Description of the task
Beginning at the line containing "صورة كبيرة - 3" in the material below and ending at the line containing "14k Gold 143ct Sapphire 4ct Diamond Necklace", return each line exactly and add nothing.

Data for this exercise
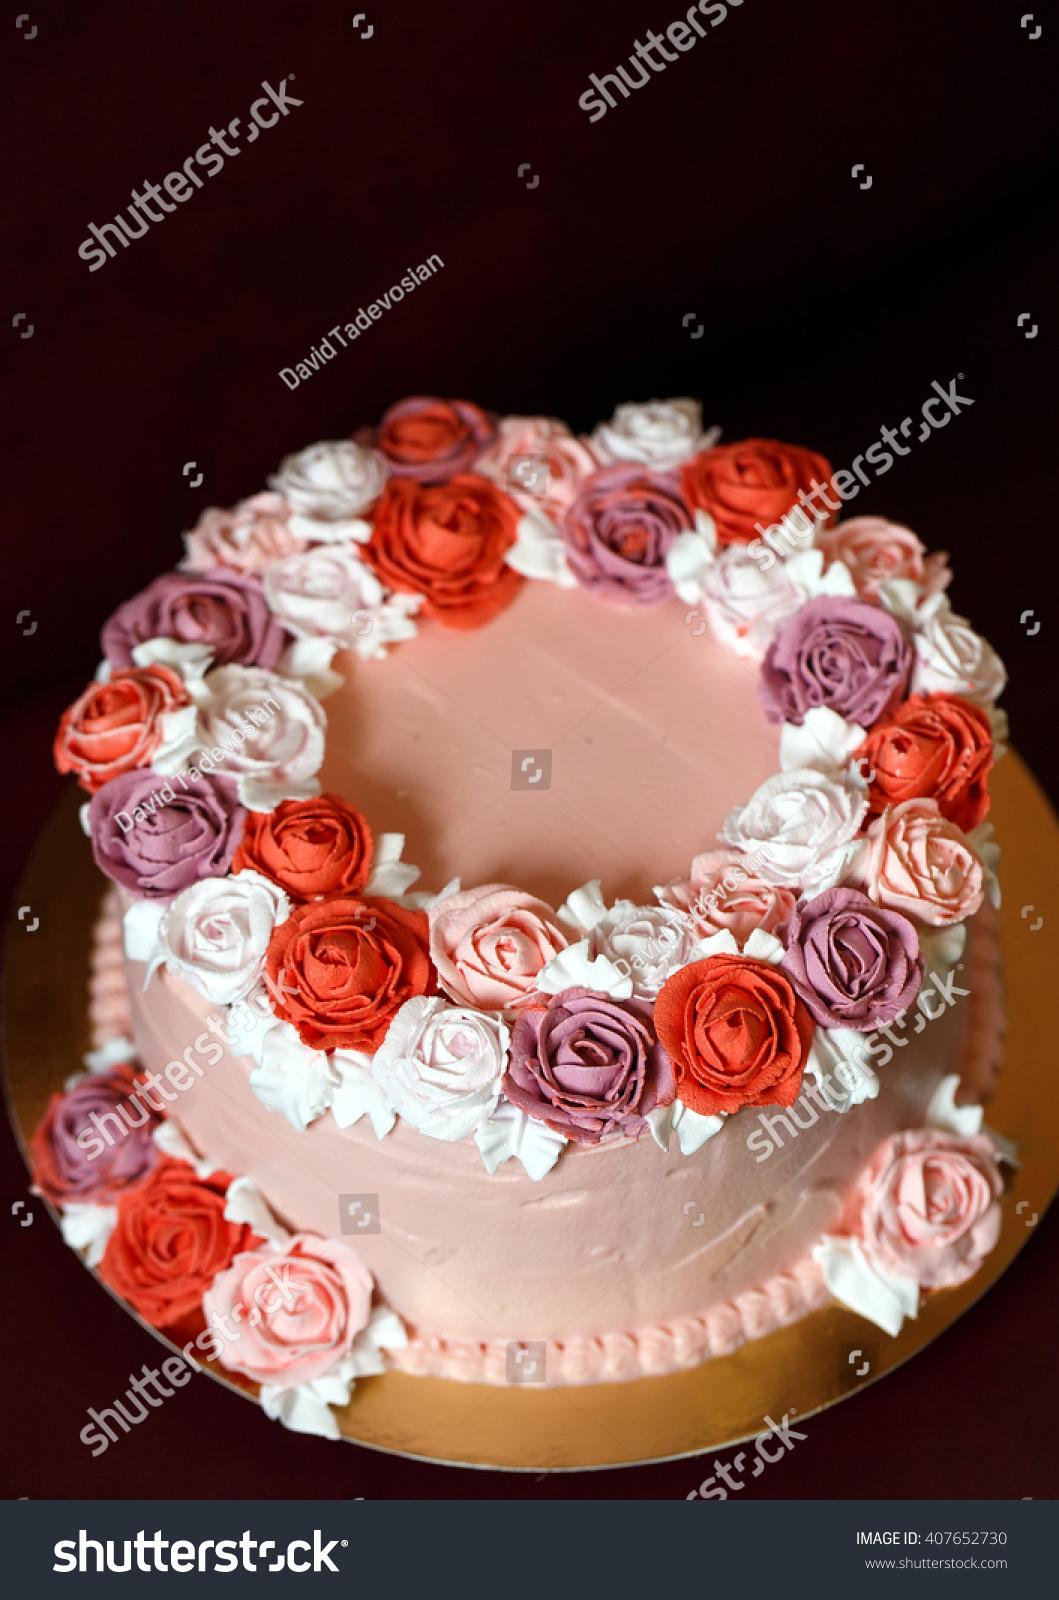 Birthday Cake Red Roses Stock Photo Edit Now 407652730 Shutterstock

* * *

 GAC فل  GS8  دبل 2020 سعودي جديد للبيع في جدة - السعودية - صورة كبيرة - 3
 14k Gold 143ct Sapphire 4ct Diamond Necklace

Exercise result
 GAC فل  GS8  دبل 2020 سعودي جديد للبيع في جدة - السعودية - صورة كبيرة - 3
 14k Gold 143ct Sapphire 4ct Diamond Necklace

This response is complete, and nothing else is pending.